Verder is in Zuid-Afrika zowat alle
landgoed omheind en is er vrijwel nergens een vrije doorgang. Waar zouden we
dan in godsnaam ook een wandelpad of weg moeten gaan zoeken?
In Beaufort West hielden we een korte stop,
tot onze verbazing was dat best een leuk dorp. We wandelden er maar kort rond
gezien we al snel bleven plakken in een koffiebar met gratis wifi. Zo konden we
eindelijk nog eens een en ander in orde maken voor de website want echt op zoek
gaan naar internetverbinding doen we niet.

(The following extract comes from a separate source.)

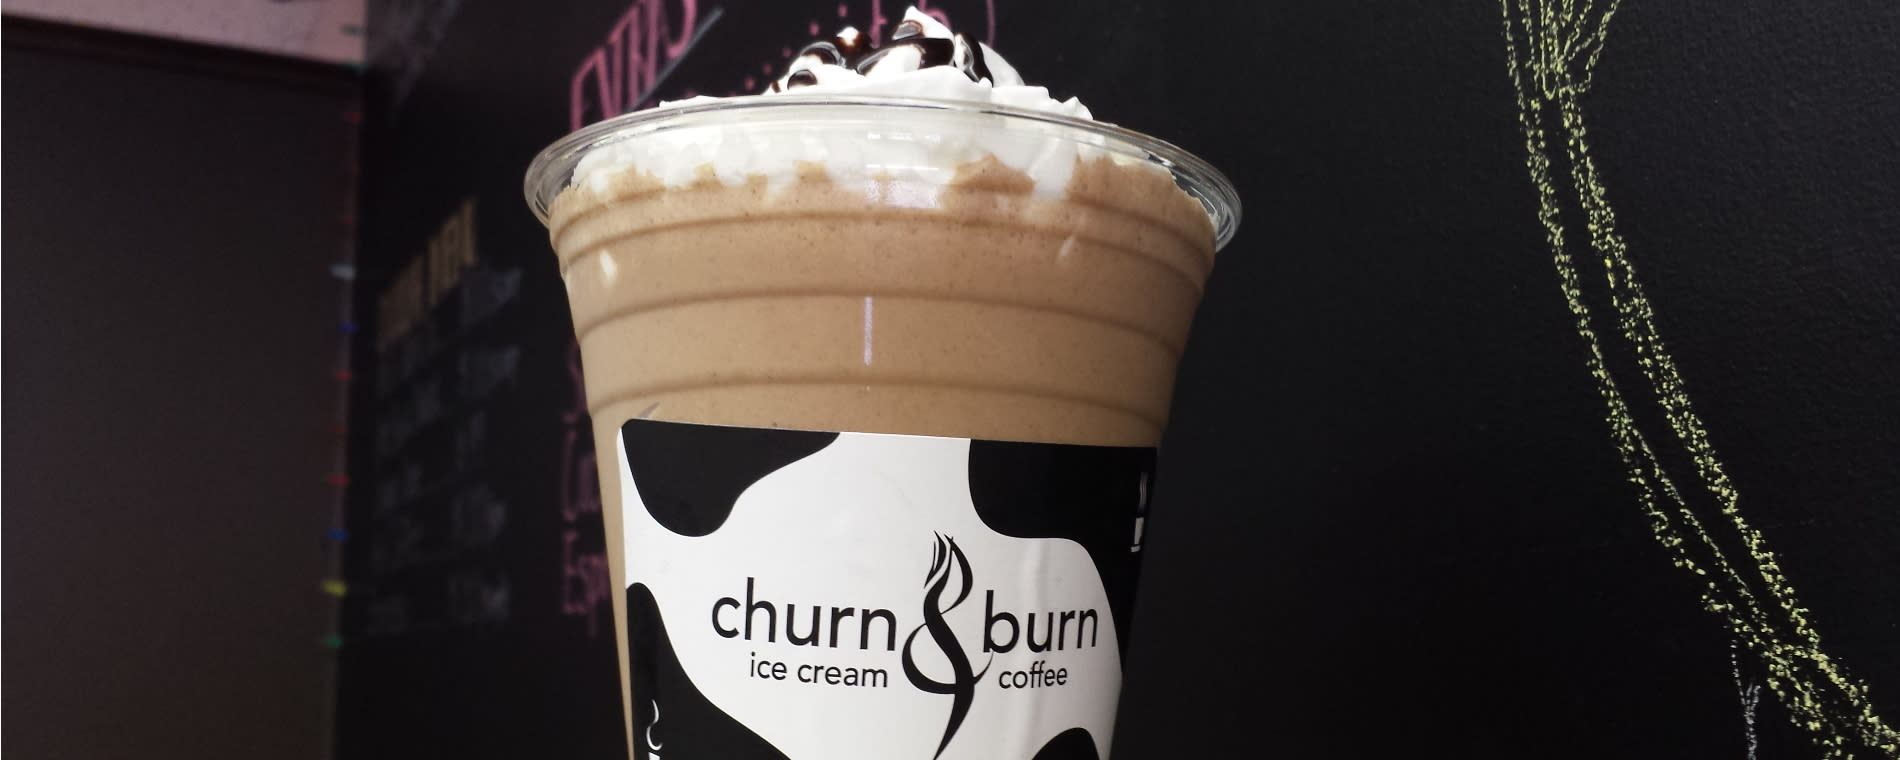 Churn & Burn Coffee Drink

Al houden we het thuisfront graag op de
hoogte, we nemen de tijd niet om bewust te gaan internetten en de website te updaten.
Dat doen we enkel wanneer de gelegenheid zich toevallig voordoet.
Deze lange reisdag sluiten we af op een
mooie camping in Britstown. Toen we het dorp inreden kwamen we uit op de
municipal camping, maar dat hielden we snel voor bekeken gezien het toch wel
rare sfeertje en volk dat er rond zwierf.
Dan betalen we toch liever een cent extra
om op ons gemak en in een enigszins comfortabele omgeving te logeren.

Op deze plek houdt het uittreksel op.